_Given data:_
================================
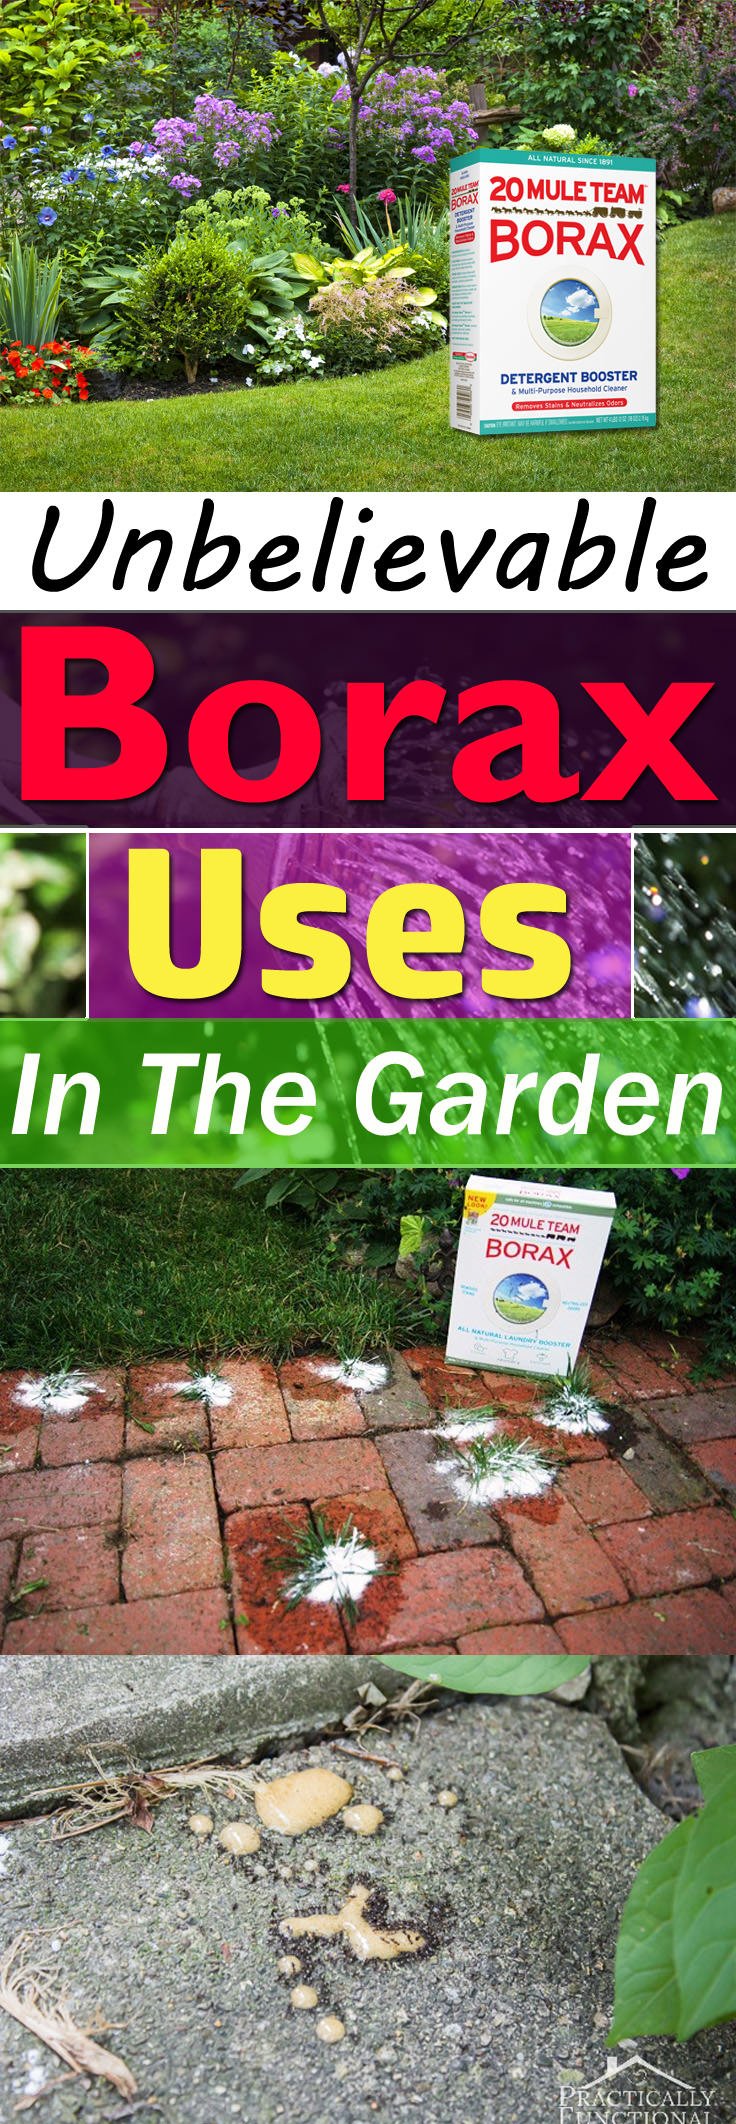 Borax is used for various house chores but did you know this naturally occurring mineral can be used in the garden too? Check out!
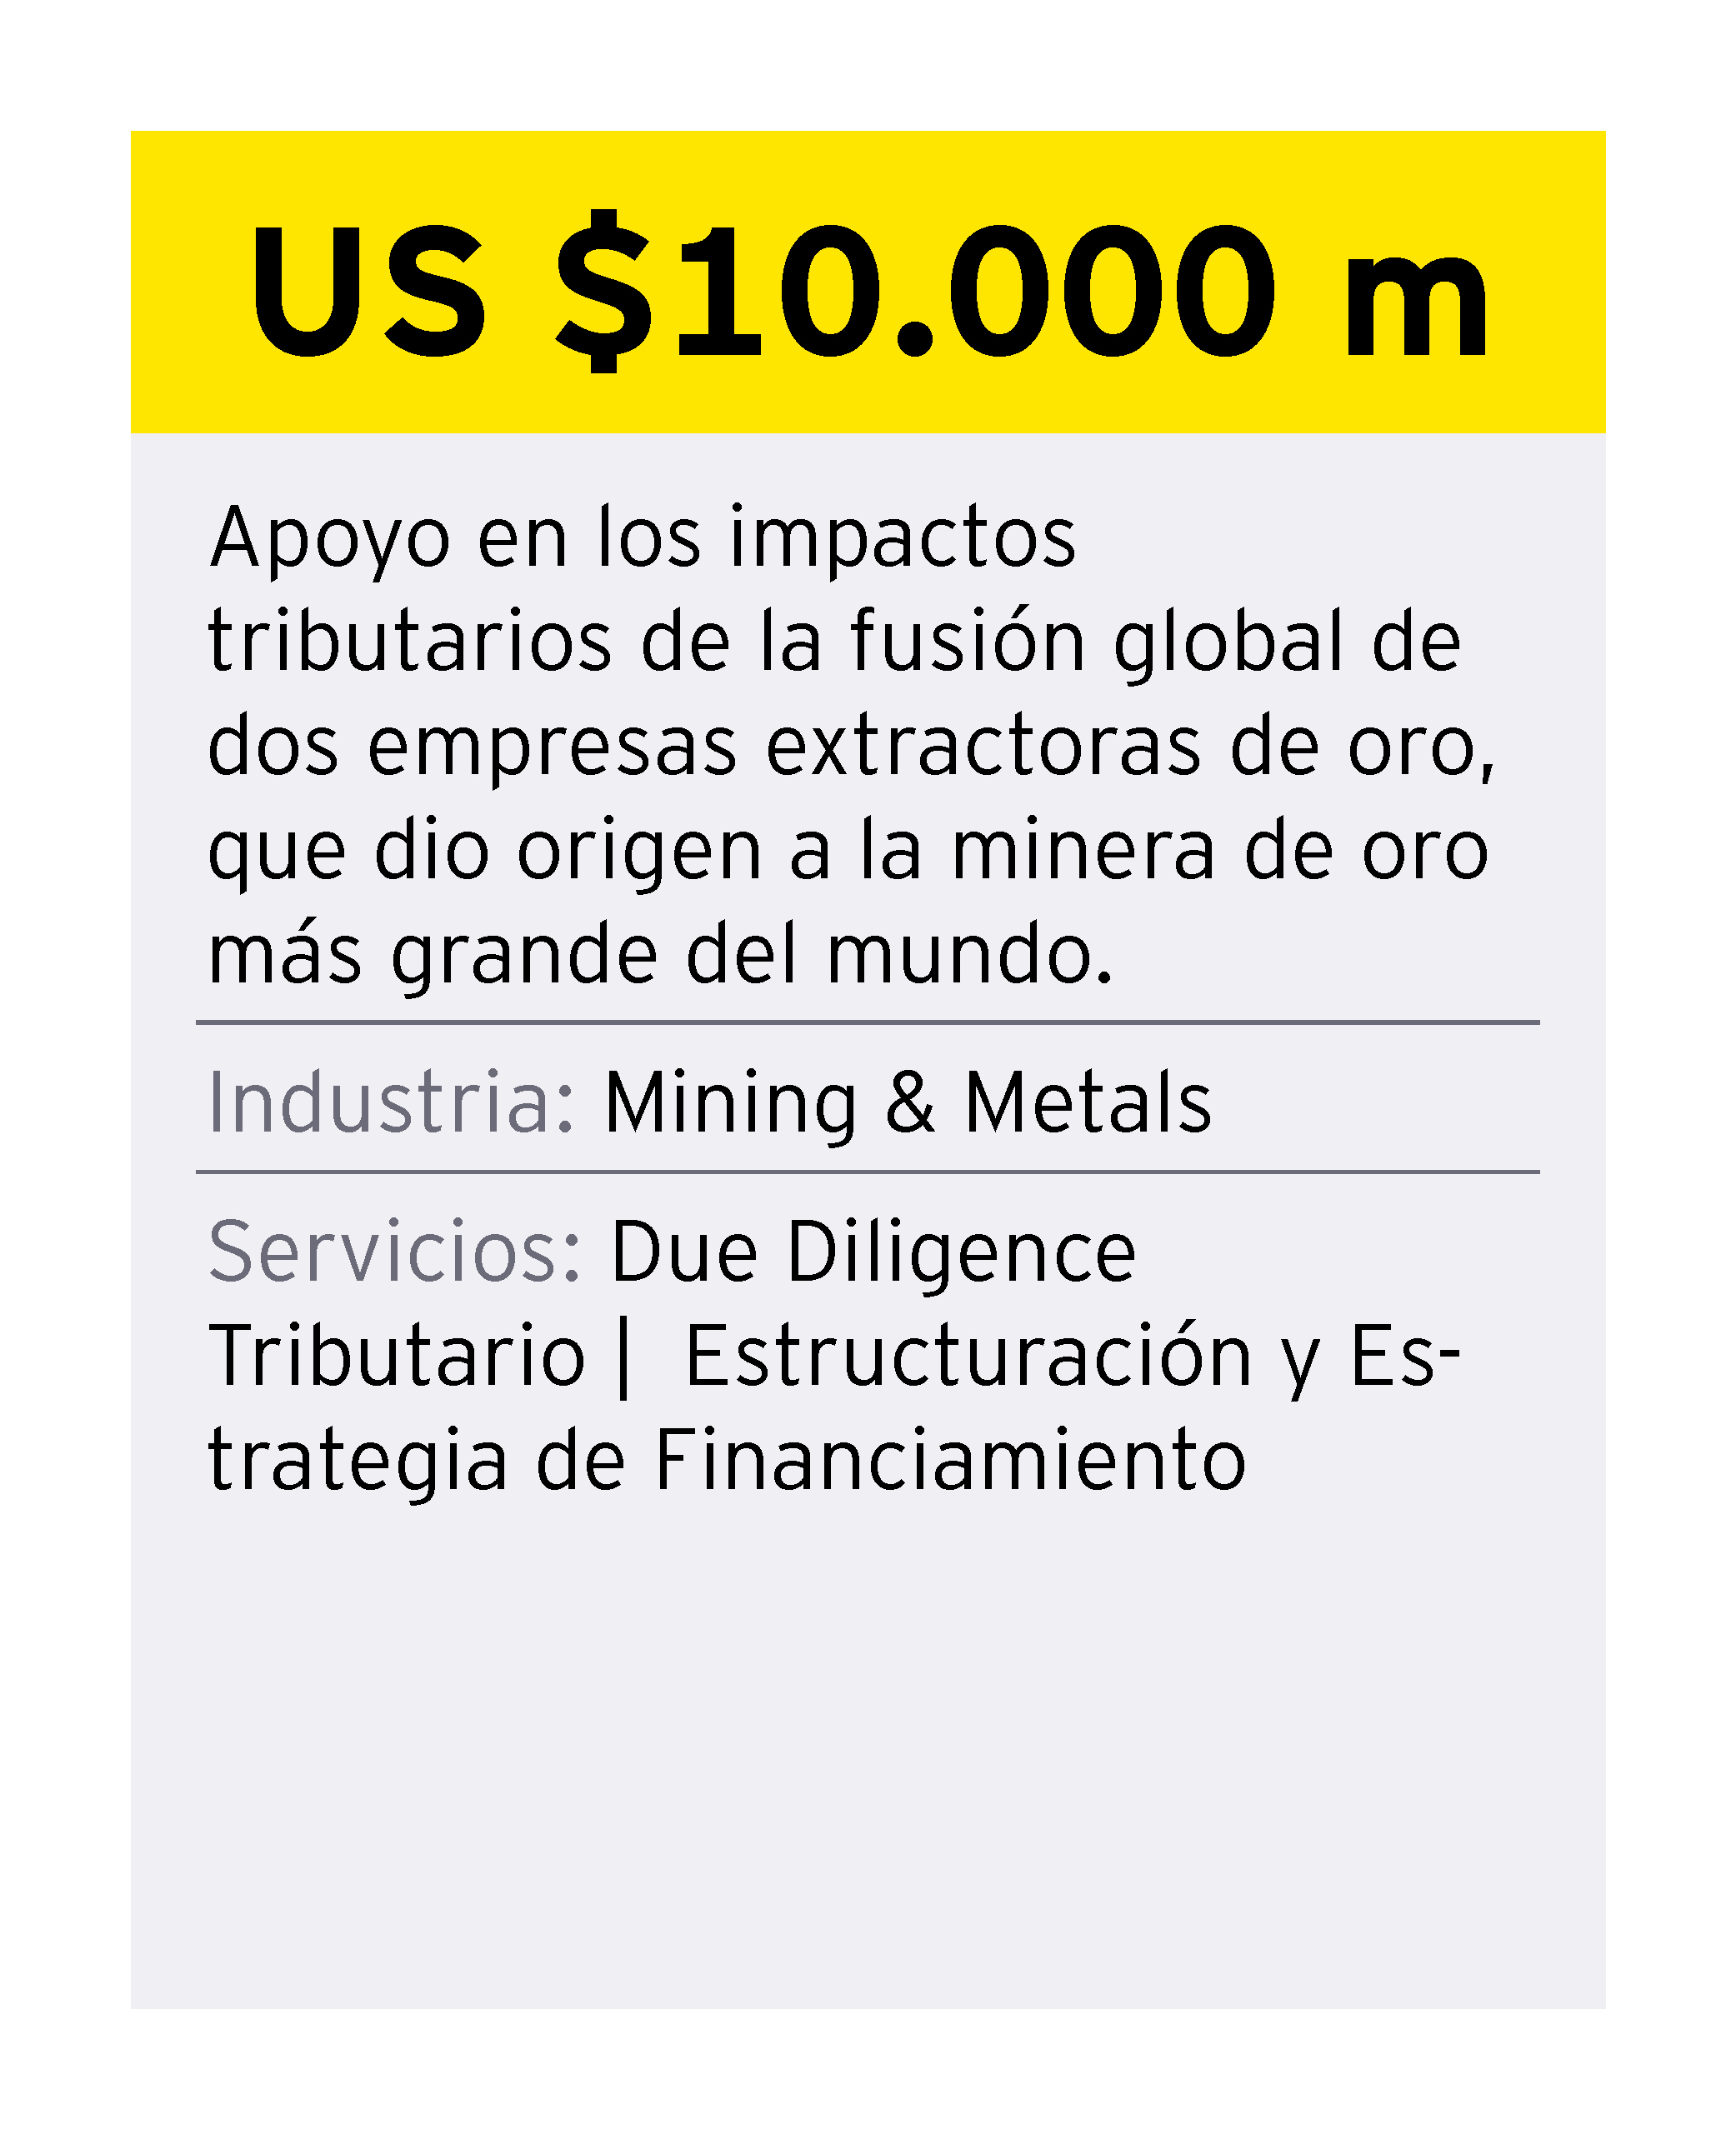 ey-chile-credencial-4-mining-and-metals
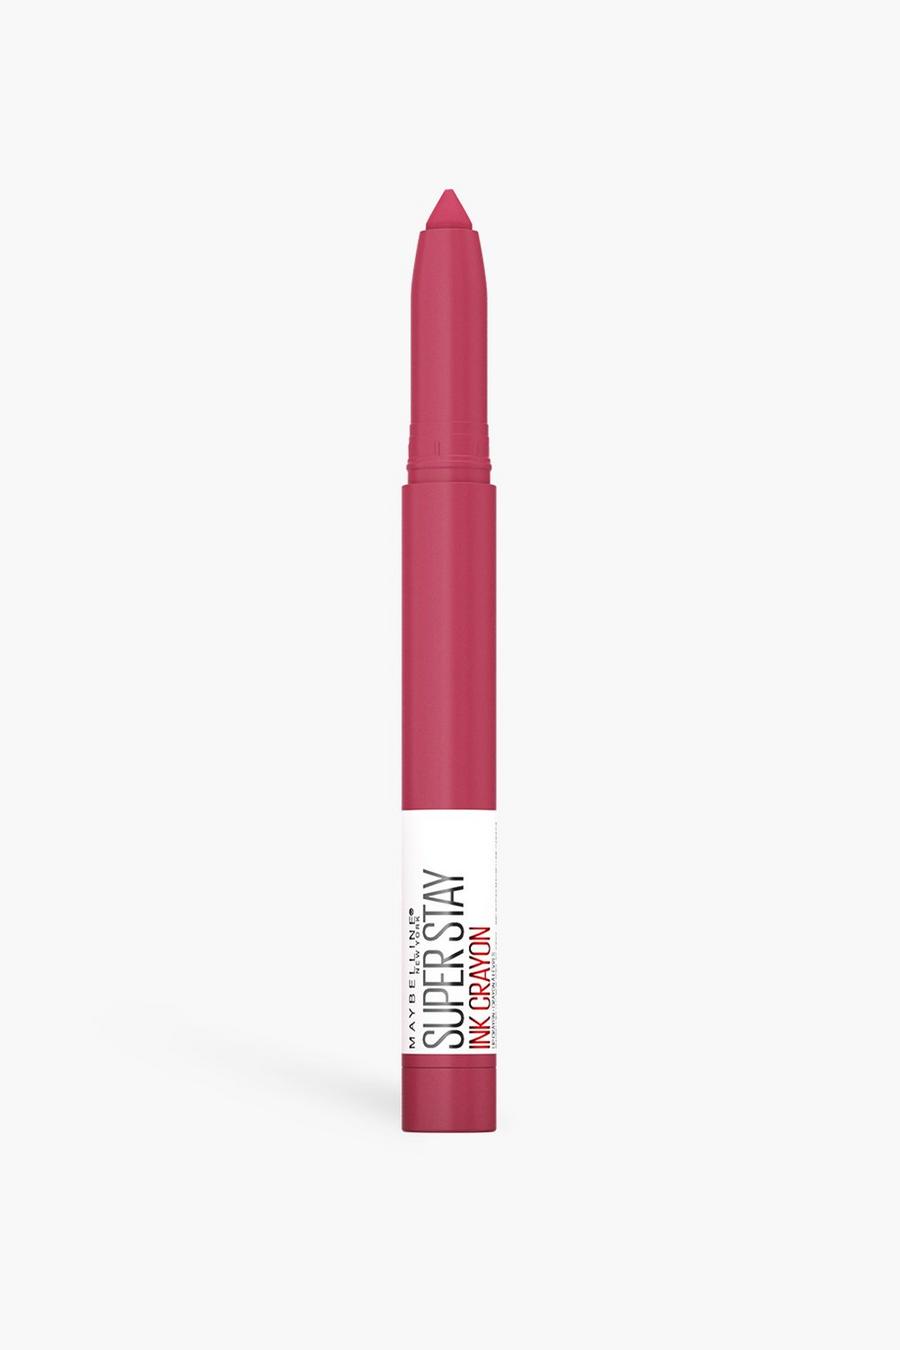 Maybelline - Rossetto Superstay Matte Crayon, 80 run the world
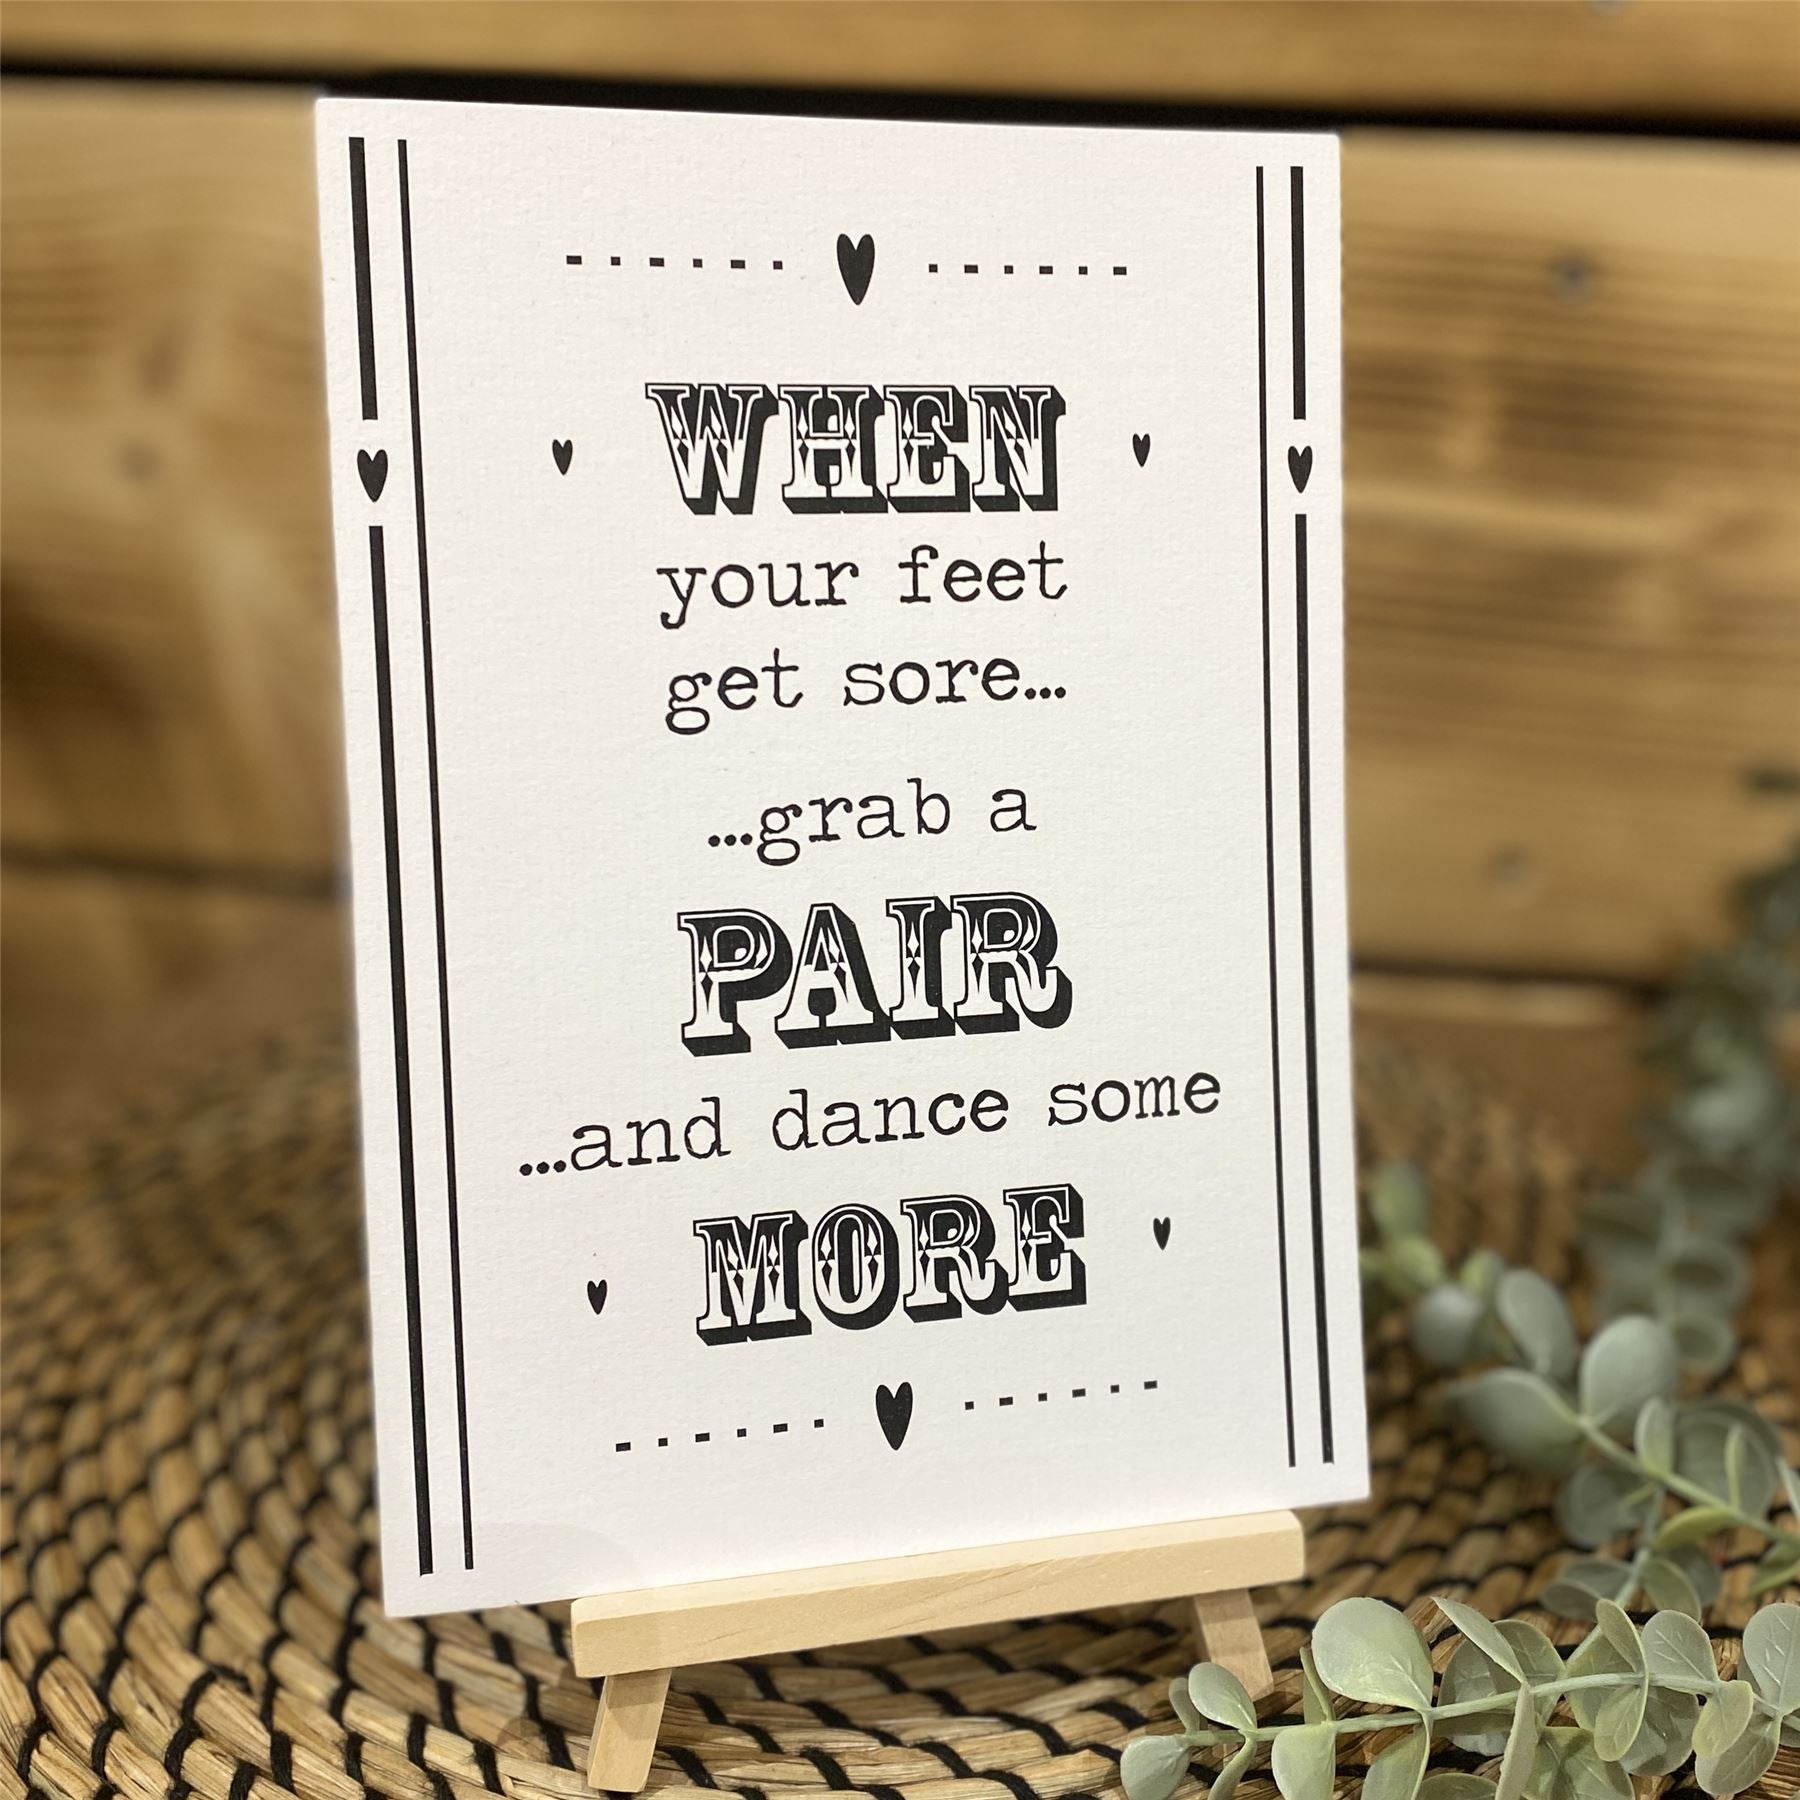 grab-a-pair-and-dance-some-more-wedding-sign-a5-white-card-and-easel|LLSTWDSM|Luck and Luck| 1
================================
_Exercise description:_
Except for the pictures, the whole listing above should be transcribed exactly.

_Output for this task:_
 Borax is used for various house chores but did you know this naturally occurring mineral can be used in the garden too? Check out!
 ey-chile-credencial-4-mining-and-metals
 Maybelline - Rossetto Superstay Matte Crayon, 80 run the world
 grab-a-pair-and-dance-some-more-wedding-sign-a5-white-card-and-easel|LLSTWDSM|Luck and Luck| 1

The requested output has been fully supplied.